Rather than forcing your users to look at the complexity of your app through the menu, the app style presents the application to the users, and they can activate the menu when needed. When the menu is displayed, it should be simple, containing only the main options. It is up to you to decide where and when to display the menu.

Tiles and Badges

Windows uses something called live tiles to display the apps on the Start menu and page. The “live” part of the name springs from the fact that the tiles can change based on the current content or state of the app. For example, you will see photo apps rotating through your pictures on the Start page, mail clients displaying the number of unread mails, games displaying screenshots from the last save, and so on. The possibilities are virtually endless.

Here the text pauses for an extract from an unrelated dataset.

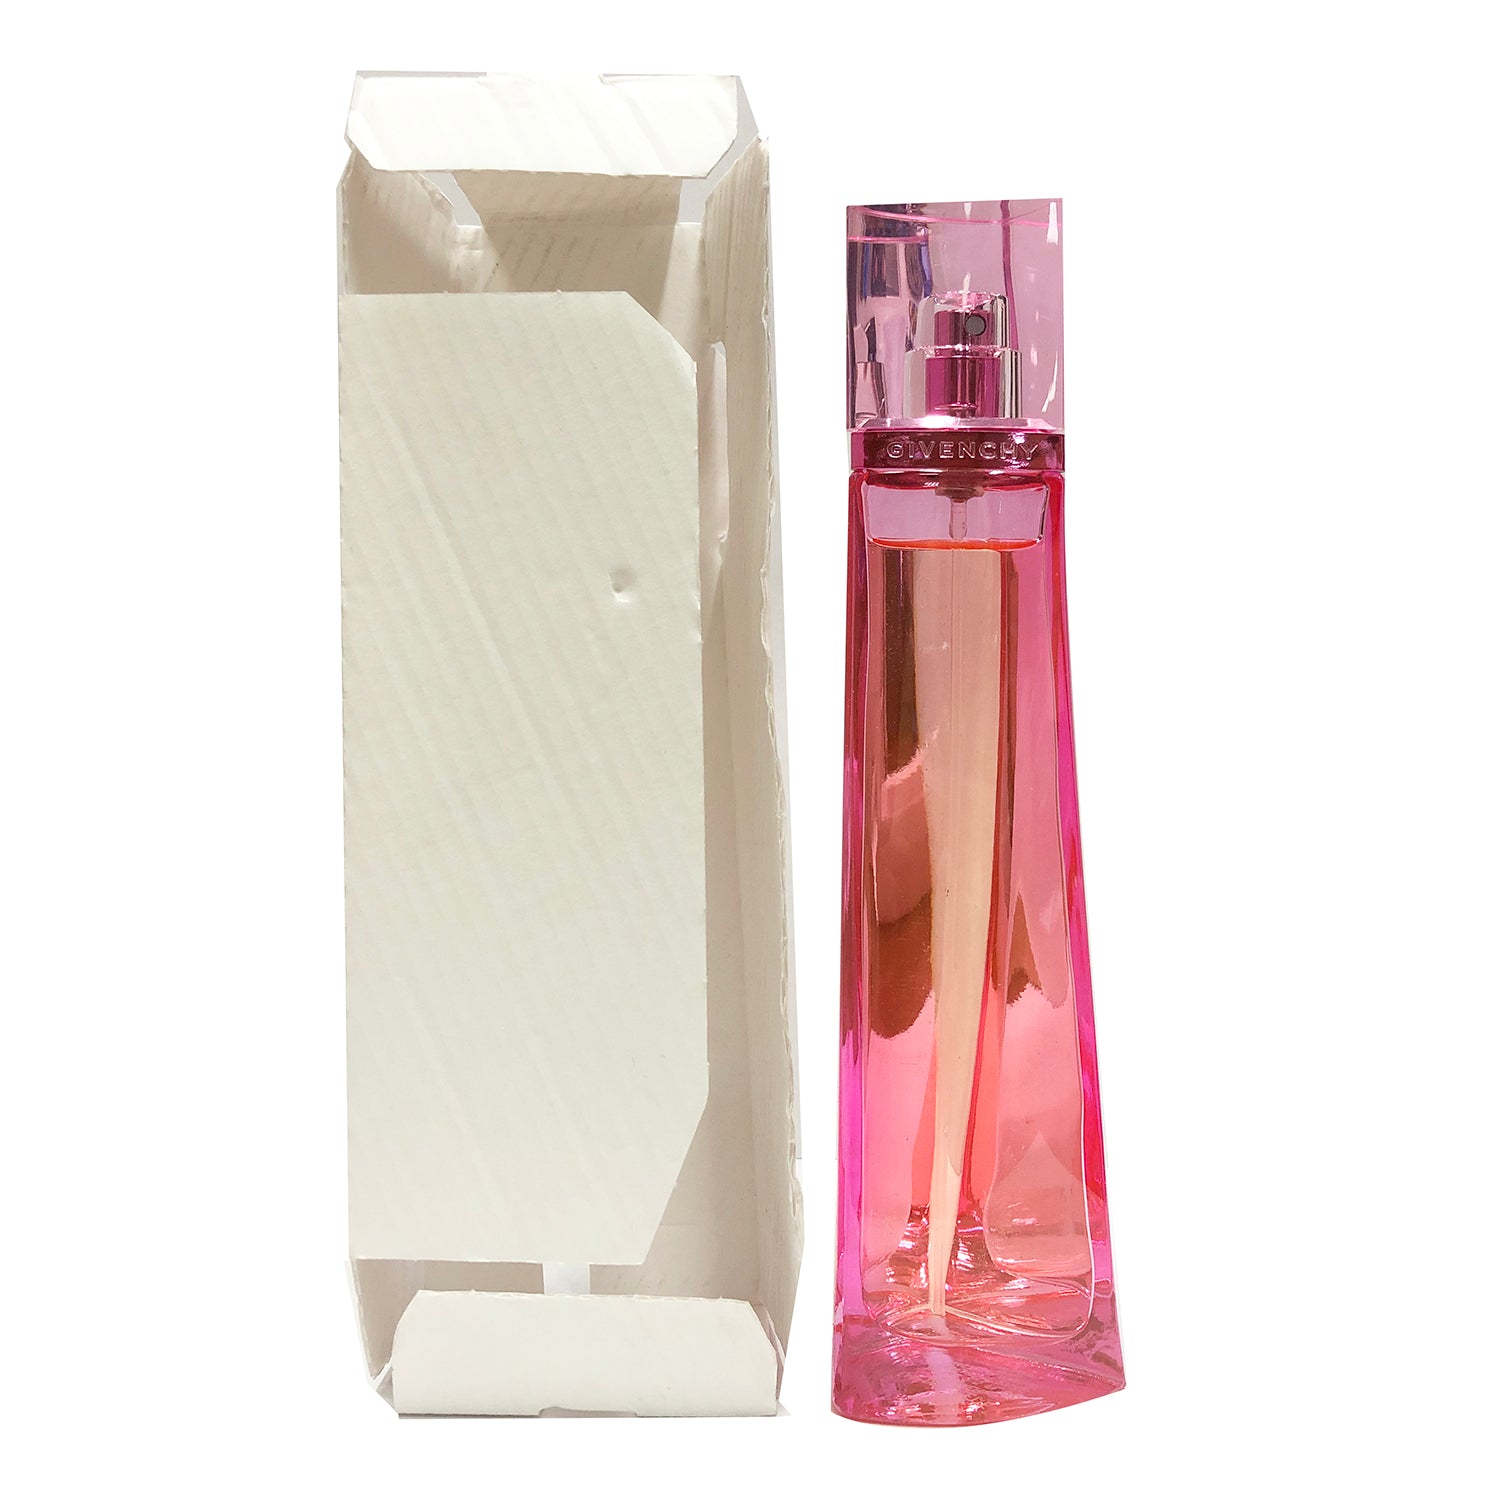 Givenchy fragrances - Givenchy Very Irresistible Eau De Parfum For Women  (75 ml./2.5 oz.)

Providing a good tile for your application is more important than providing a good icon for a desktop application, and that's pretty important as well. Tiles are embedded in the manifest for the application, and, as you will see later in the chapter, they are easy to include using Visual Studio.

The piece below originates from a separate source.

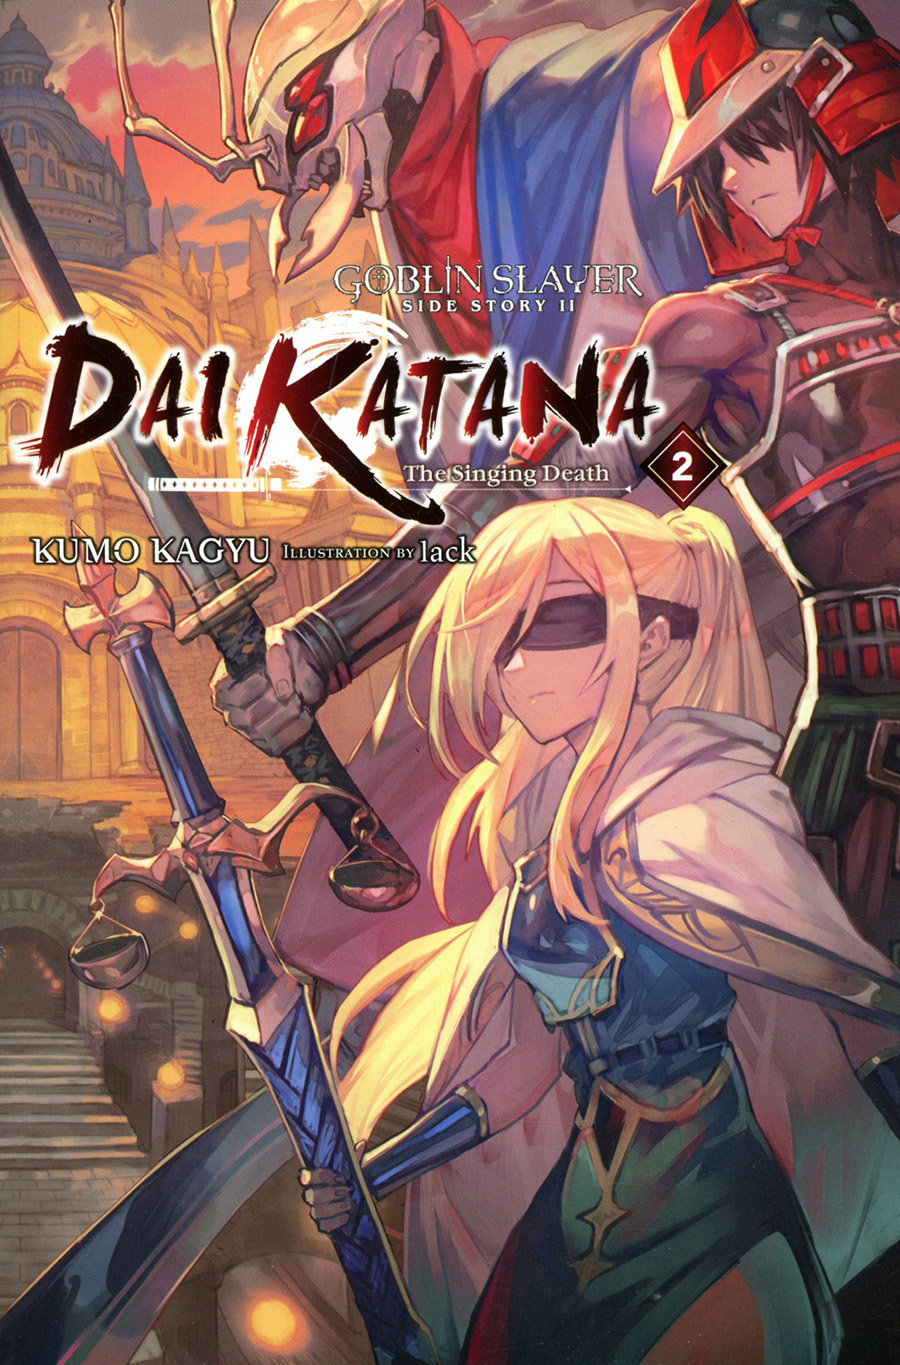 Goblin Slayer Side Story II Dai Katana The Singing Death Light Novel Vol 2

A badge is a small version of the tile that Windows can use on the Lock Screen and in other situations. You don't have to provide a badge for your app unless it will show notifications on the Lock Screen.

App Lifetime

Classic Windows Desktop applications can be closed by clicking a button in the top-right corner of the caption bar, but Universal apps don't normally display a caption bar, so how do you close them? Generally speaking, you don't need to close an app. Whenever a Universal app loses focus, it is suspended and will stop using processor resources entirely. This allows many apps to appear to be running at the same time, when in fact they are just suspended. The suspension happens automatically in Windows as soon as an app loses focus. It's not really something that you notice as a user, but it is a very important fact to know and handle as an app developer.

Lock Screen Apps

Some apps should keep running when they lose focus. Examples of this kind of app include GPS navigation and audio-streaming apps. Users expect these types of apps to continue running even if they start driving or begin using other apps. If your app needs to keep running in the background, you must declare it as a Lock Screen app and provide information to display notifications on the Lock Screen.

Adaptive Displays

Adaptive displays are displays that are able to change in response to user actions such as a phone being flipped on its side or the window changing size. Your app should be able to gracefully switch from portrait to landscape mode when the user flips her phone on the side and should work and look good regardless of whether it is deployed on a laptop or on a phone.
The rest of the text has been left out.